##### Material provided

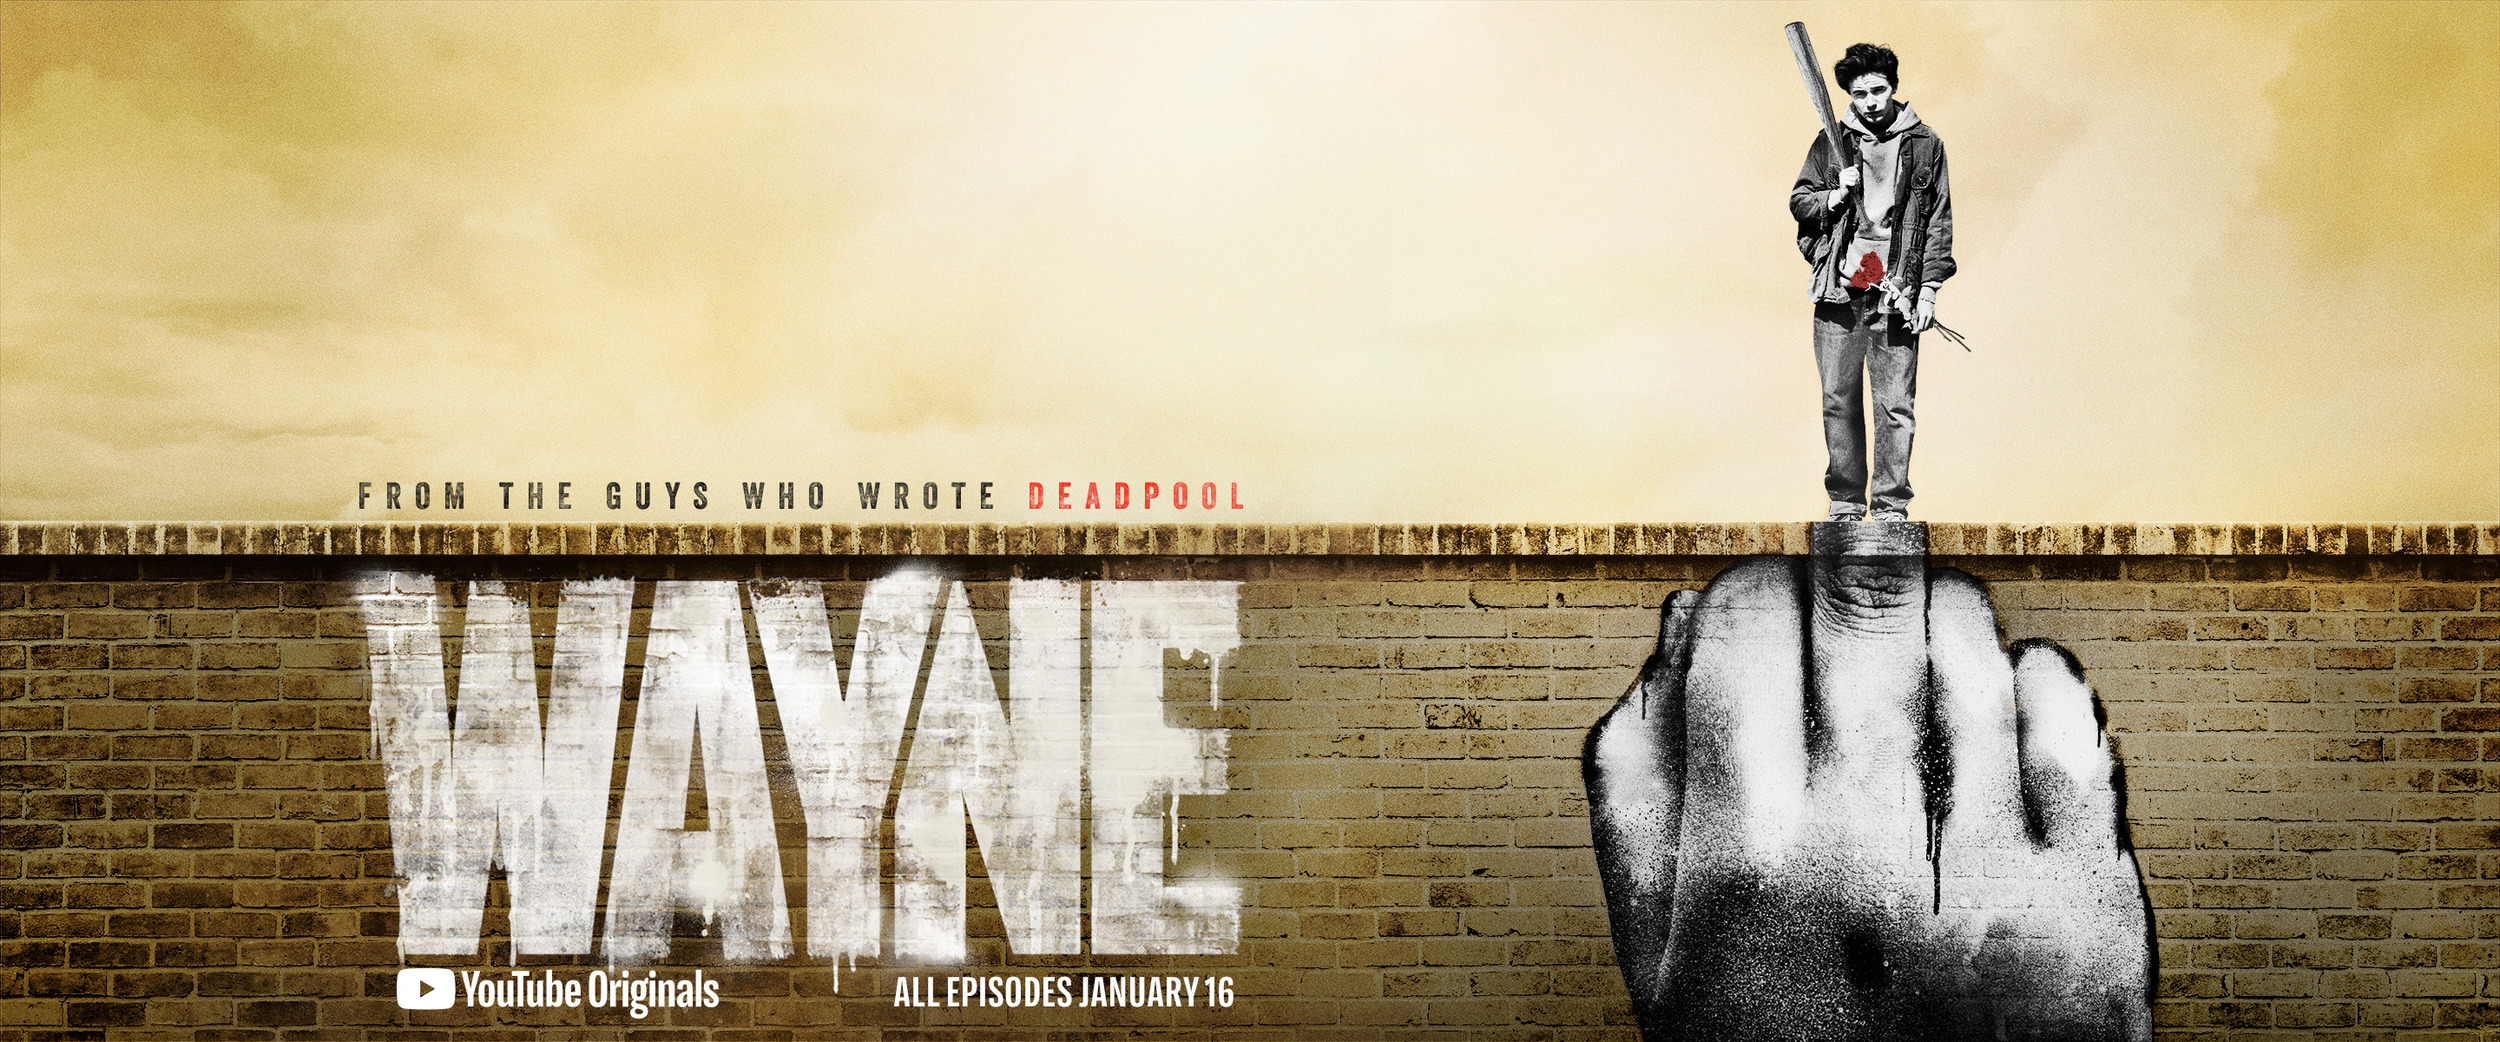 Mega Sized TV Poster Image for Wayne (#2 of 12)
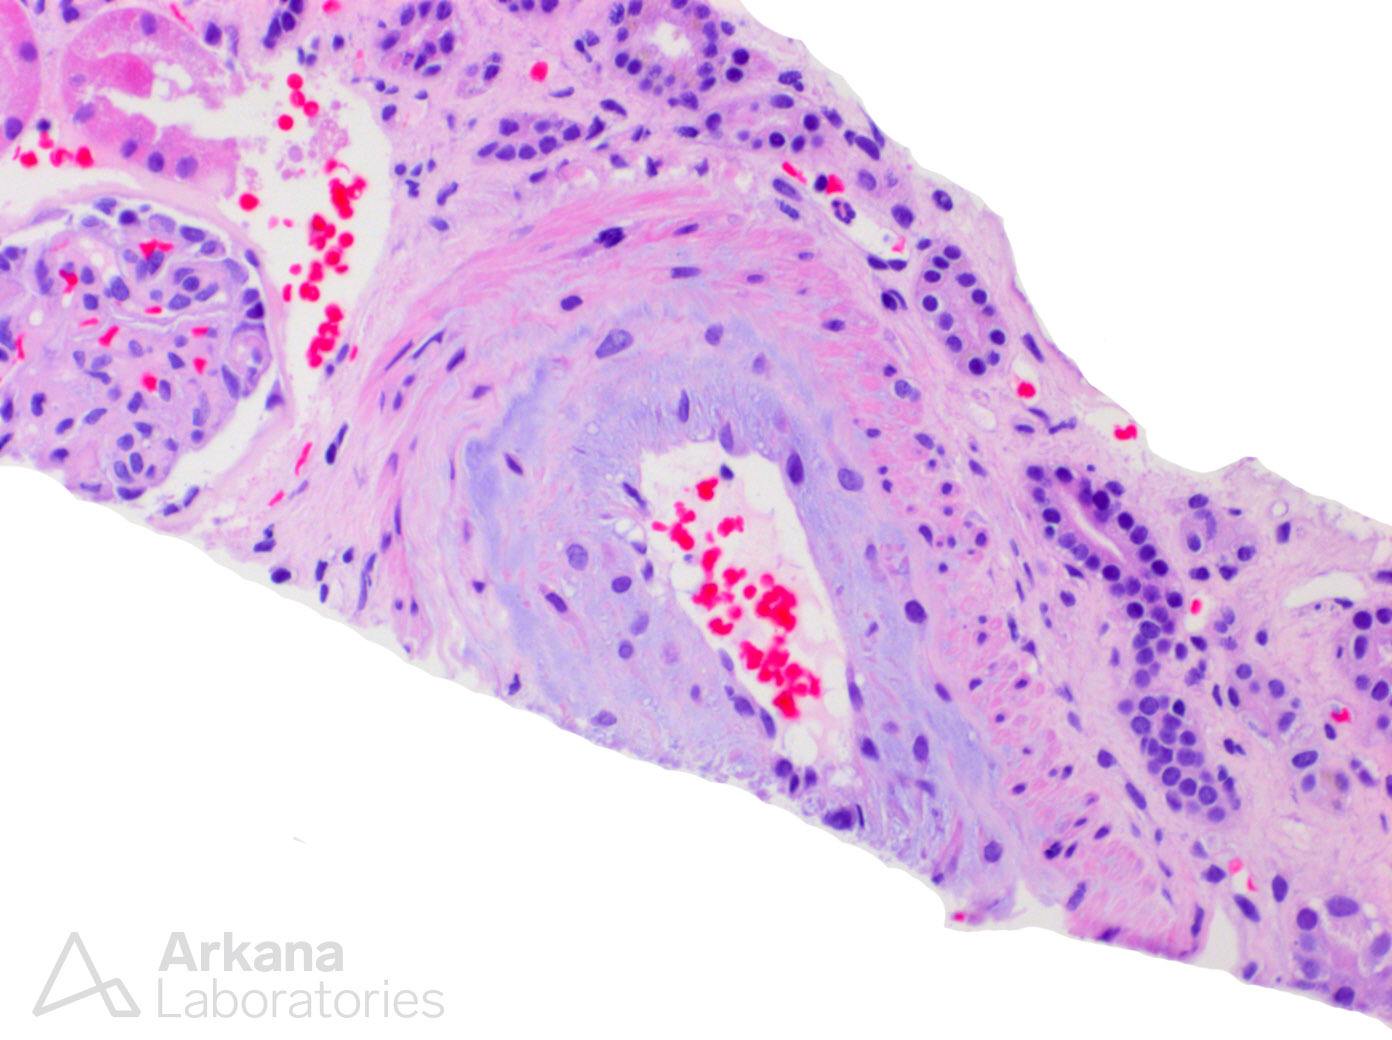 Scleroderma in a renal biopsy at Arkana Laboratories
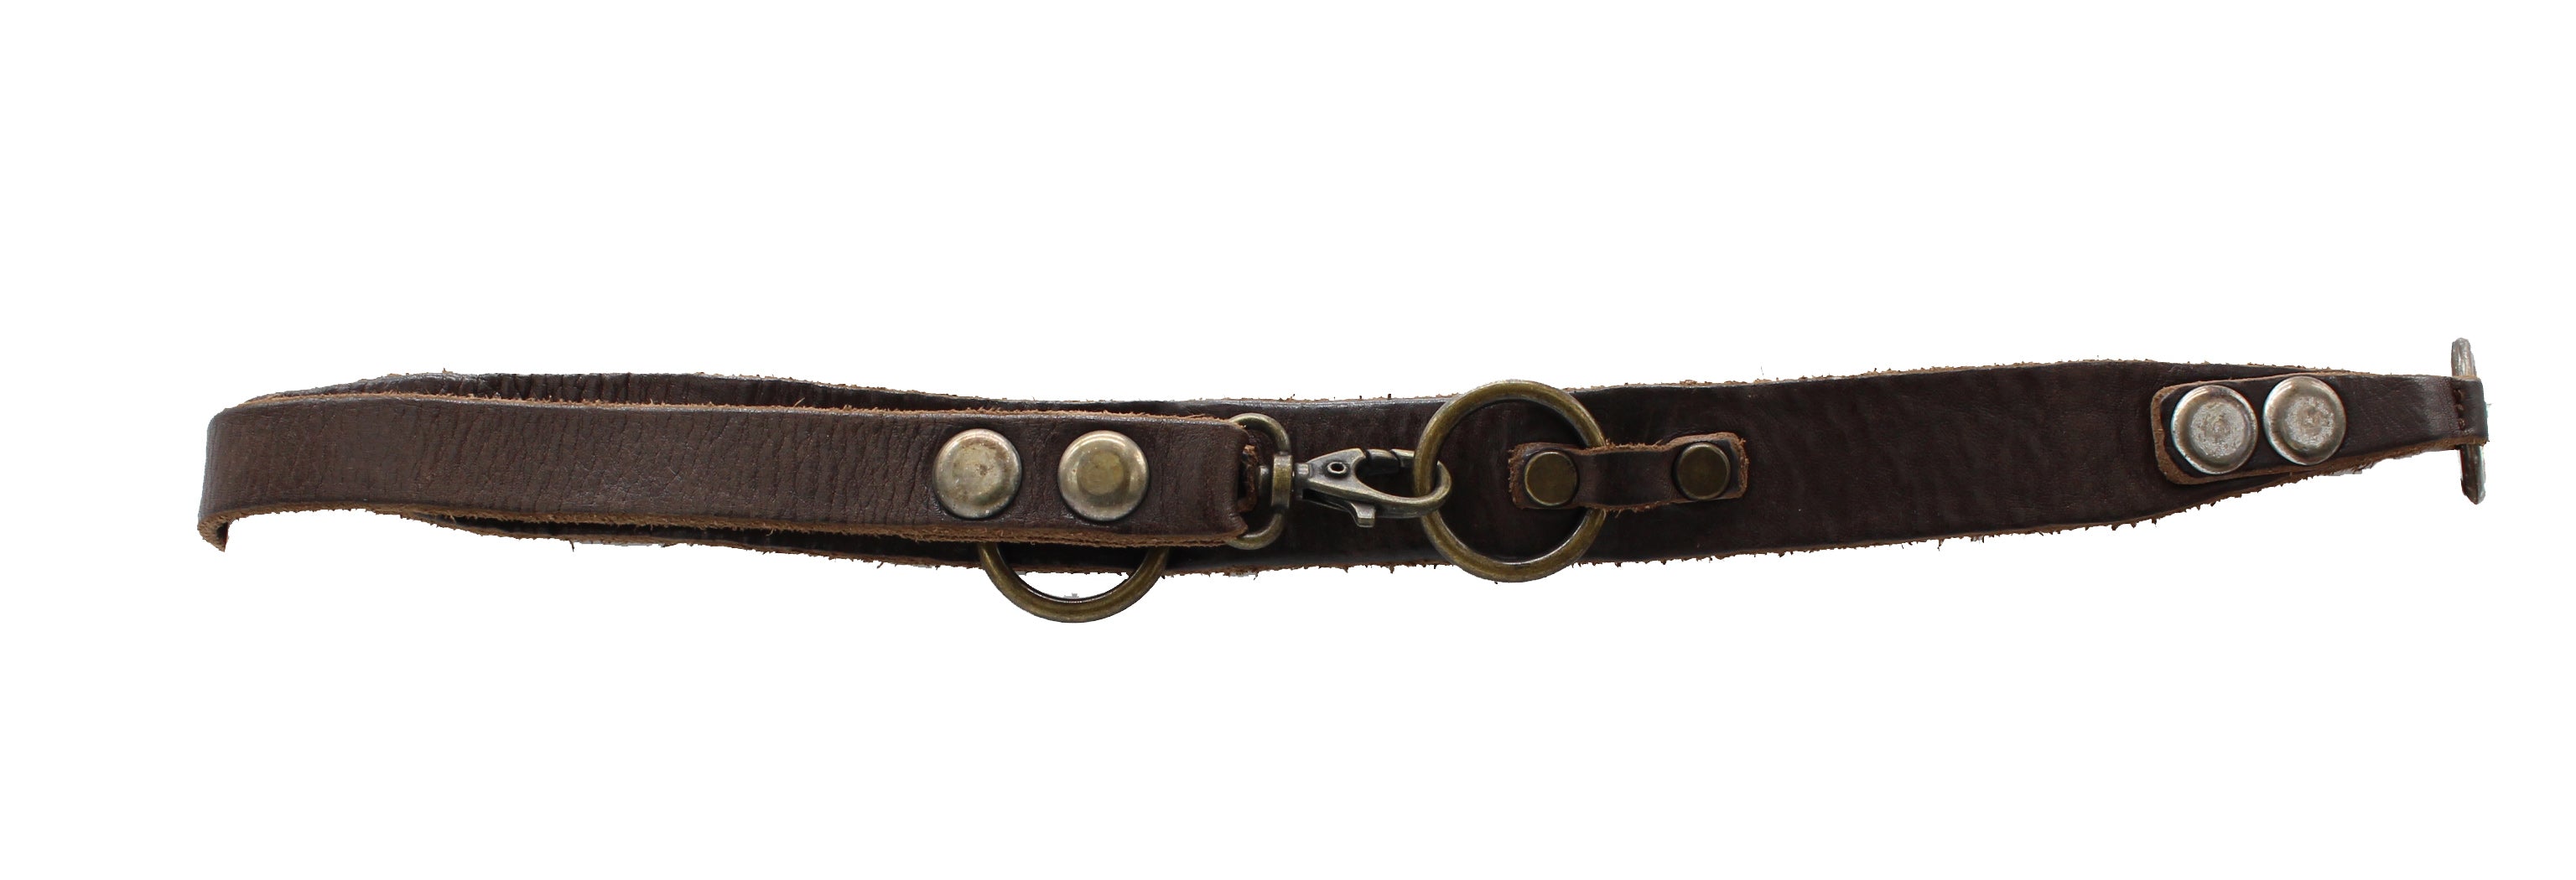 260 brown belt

##########

_Aim of the exercise_:
The result should be the full material above, word for word, with its pictures omitted.

_Solution to the exercise_:
 Mega Sized TV Poster Image for Wayne (#2 of 12)
 Scleroderma in a renal biopsy at Arkana Laboratories
 260 brown belt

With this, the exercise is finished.